— Source data —
------------------------------------------------

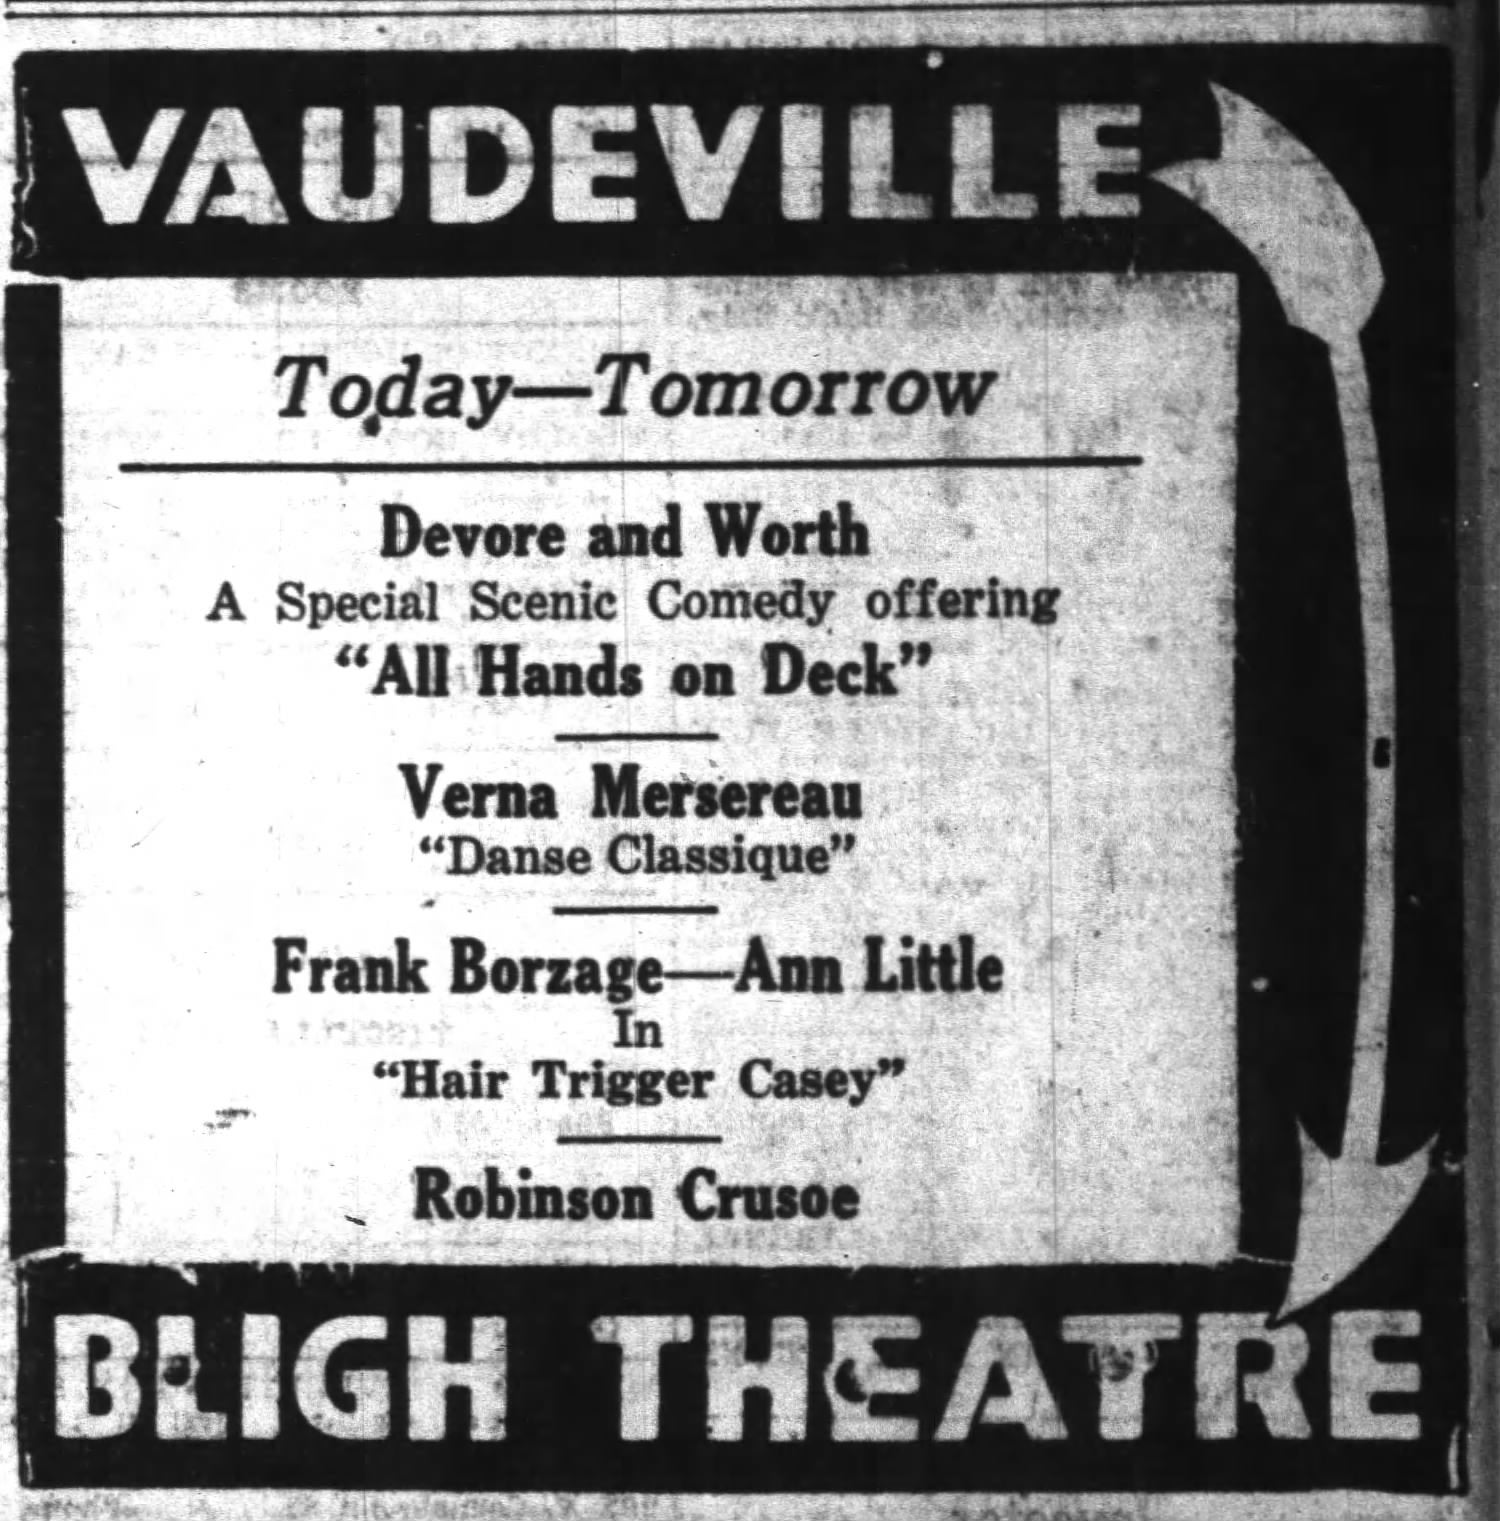 Variety programming at the Bligh, 1922
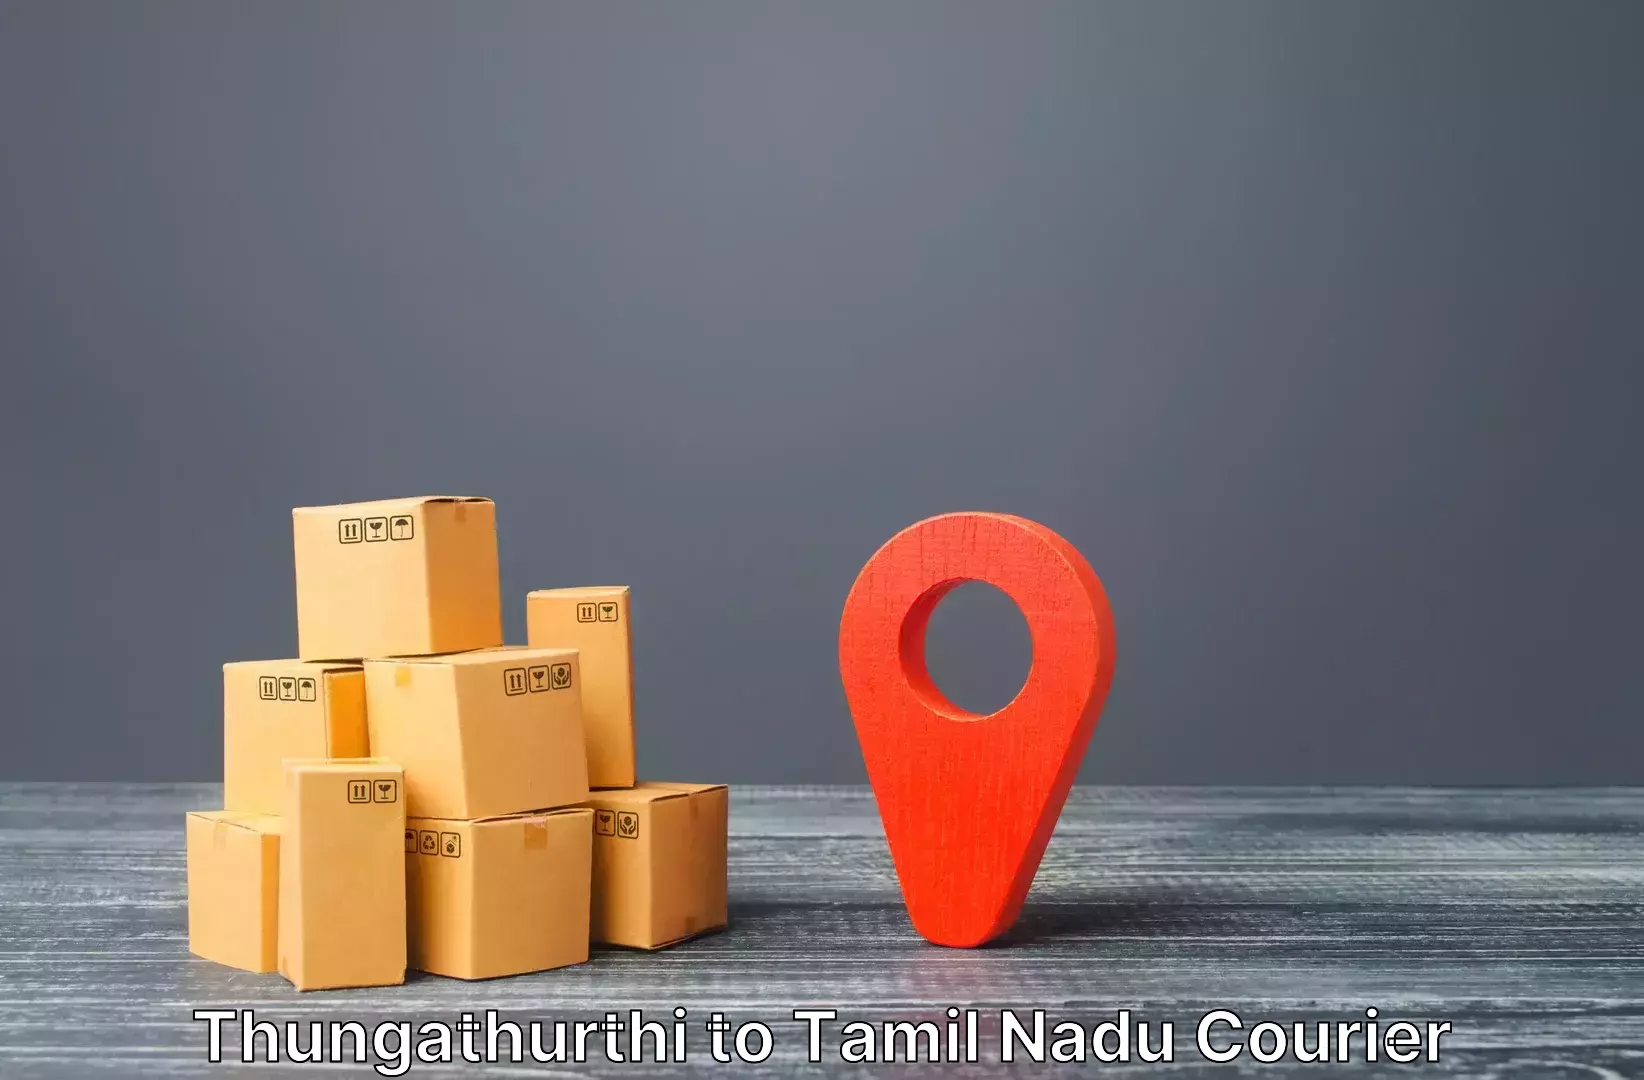 Luggage transfer service Thungathurthi to Tamil Nadu
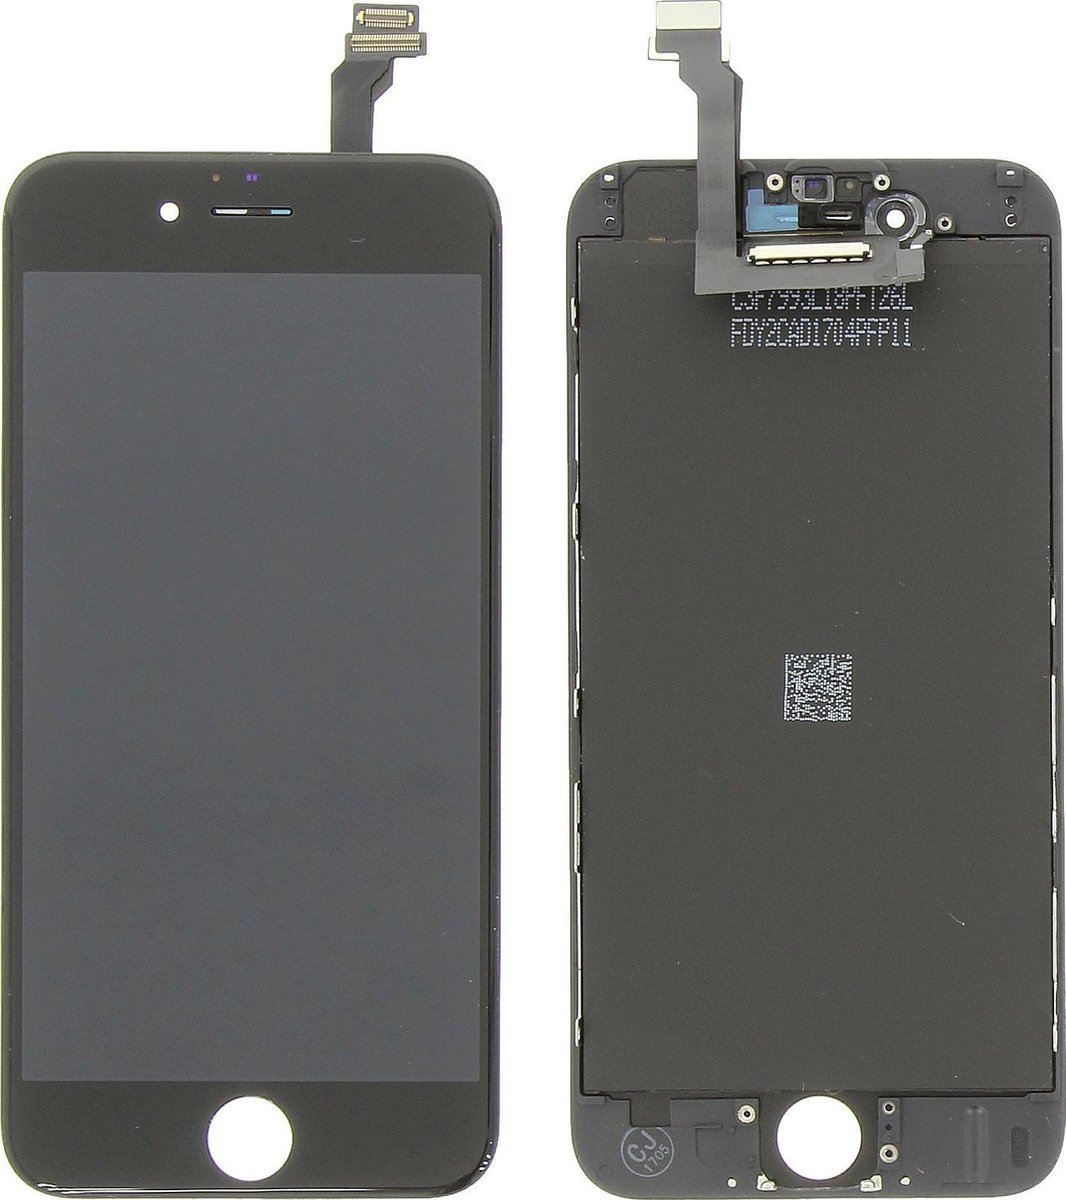 Lift Op risico wereld iPhone 6 LCD Scherm Zwart | bol.com
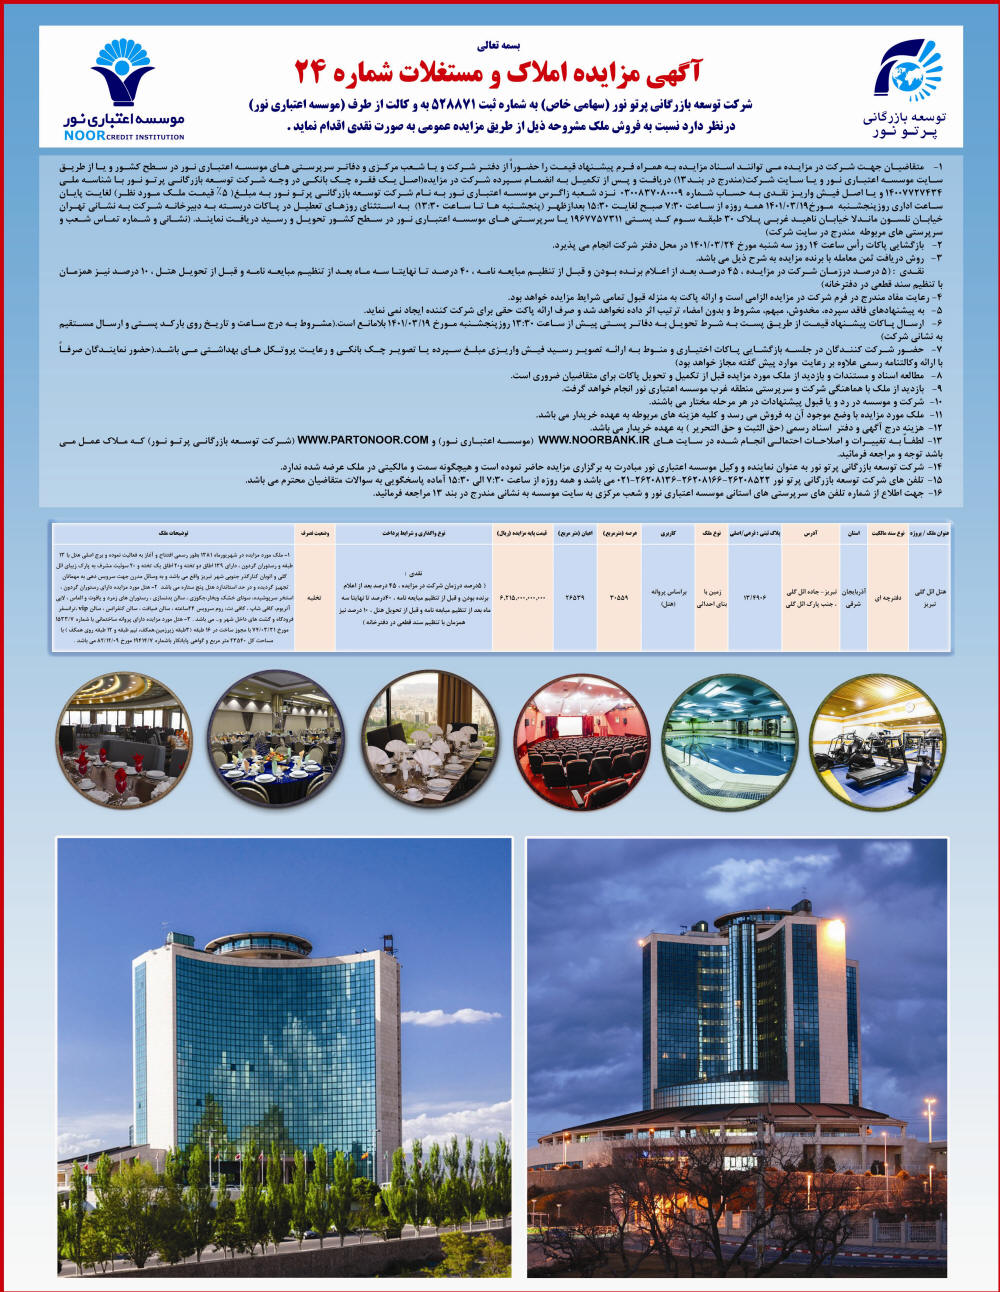 آگهی مزایده املاک و مستغلات شماره 24 چاپ شده در روزنامه همشهری

------------------------------------------------

— Aim of the task —
Every word of the material, and none of its pictures, should be set down again.

— Completed exercise —
 Variety programming at the Bligh, 1922
 Luggage transfer service Thungathurthi to Tamil Nadu
 Lift Op risico wereld iPhone 6 LCD Scherm Zwart | bol.com
 آگهی مزایده املاک و مستغلات شماره 24 چاپ شده در روزنامه همشهری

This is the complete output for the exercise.